Introduction
Petri disease (previously known as "Black goo") is a common occurrence on grapevines aged 1 to 5 years (Fourie et al., 2000). The disease reduces the chances of survival of young grapevines (Mugnai et al., 1999). External symptoms of Petri disease are stunted growth, shortened internodes, small leaves, and a general deterioration of young vines which may result in the plant’s dying (Morton, 1995; Bertelli et al., 1998; Ferreira, 1998; Fourie et al., 2000; Sidoti et al., 2000; Whiteman et al., 2003). Internal symptoms include a black discolouration of the xylem vessels, as well as tyloses formation (balloon-like growths) in these vessels (Ferreira, 1998). Phaeomoniella chlamydospora is considered to be the main causal organism (Fourie and Halleen, 2001; Wallace et al., 2003; Whiteman et al., 2003).

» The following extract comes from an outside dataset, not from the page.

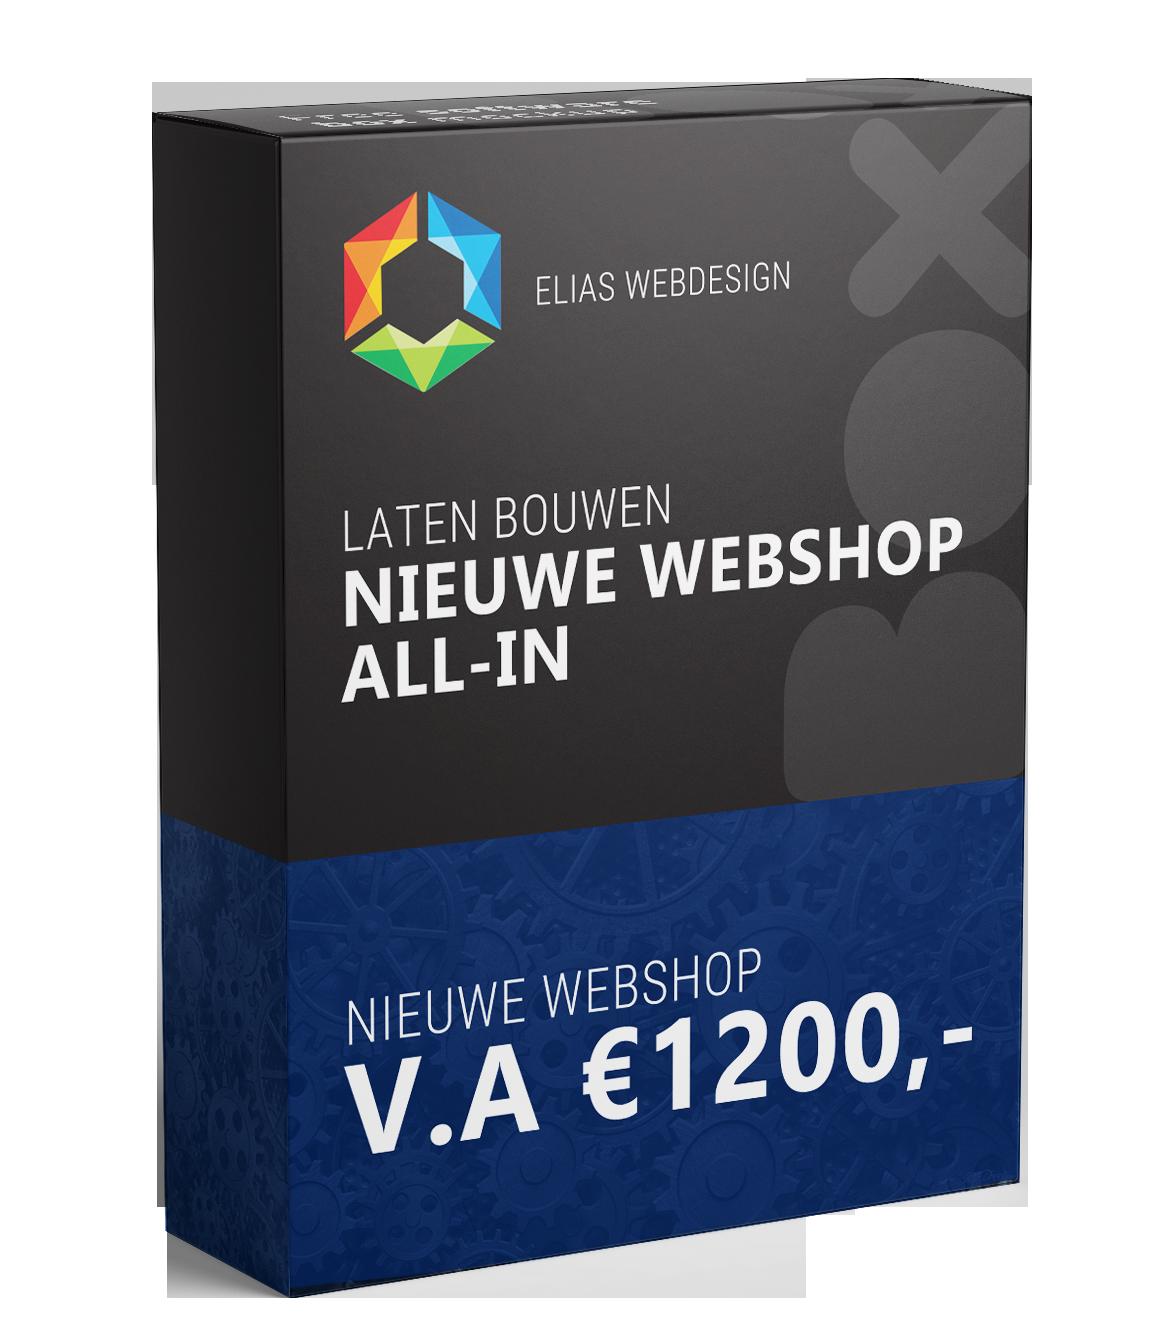 Nieuwe webshop laten bouwen Elias Webdesign

Not much is known about the epidemiology of P. chlamydospora, although a few sources of inoculum have been identified. Spores of P. chlamydospora have been captured in vineyards in California and France (Larignon, 1998; Eskalen et al., 2003). From these it was possible to deduce that the fungus produces spores (conidia) that are distributed aerially and penetrate the grapevine mainly through pruning wounds (Larignon, 1998; Eskalen et al., 2003).
Infected rootstock mother plants and propagation material are considered to beprimary inoculum sources, as isolations have shown the pathogen to be present in apparently healthy rootstock mother plants (Fourie and Halleen, 2004a) and cuttings (Bertelli et al.,1998; Larignon, 1998; Fourie and Halleen, 2002; Halleen et al., 2003). Spores and/or hyphal fragments of P. chlamydospora have been found in the entire length of rootstock canes (Feliciano en Gubler, 2001; Edwards et al., 2003) and one wonders whether the spores might be transported to the canes in the juice flow of infected rootstock mother plants (Edwards et al., 2003).

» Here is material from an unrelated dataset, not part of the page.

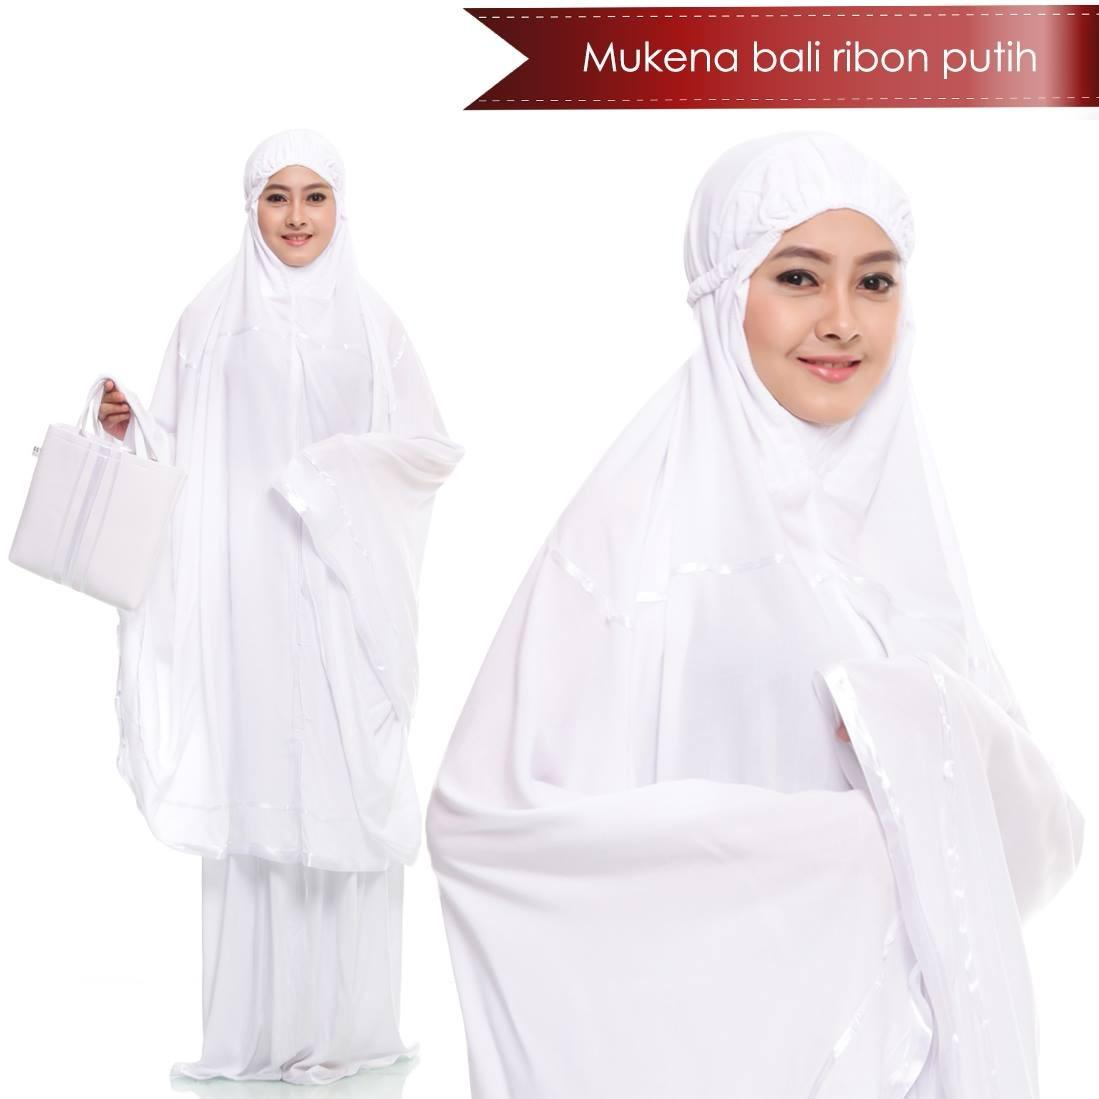 Mukena Bali Ribon Polos Putih

Infested soil is also considered a potential source of inoculum, as P. chlamydospora has been detected in nursery and vineyard soil by means of a conventional species- specific PCR (polymerase chain reaction) (Damm and Fourie, 2005). If P. chlamydospora forms hardy spores (chlamydospores), the fungus may survive in the soil for long periods. One expects chlamydospores to form conidia, which will then infect damaged roots of grapevines in nurseries and grapevines (Bertelli et al., 1998; Feliciano and Gubler, 2001).

Fig. 1. Determination of the sensitivity of the one-tube nested PCR with primers Pch1 and Pch2: DNA from grapevine wood (1), callusing medium (2), soil (3) and water (4), that tested negative for P. chlamydospora and to which specific amounts [1 pg (A), 100 fg (B), 10 fg (C) and 1 fg (D)] of P. chlamydospora genomic DNA had been added; and 90 ml water samples (5) to which 102 spores (E) and 101 spores (F) had been added. The 100 bp DNA ladder is far left and right. A positive control (X) containing only genomic DNA and a negative control (Y) containing no template, are included.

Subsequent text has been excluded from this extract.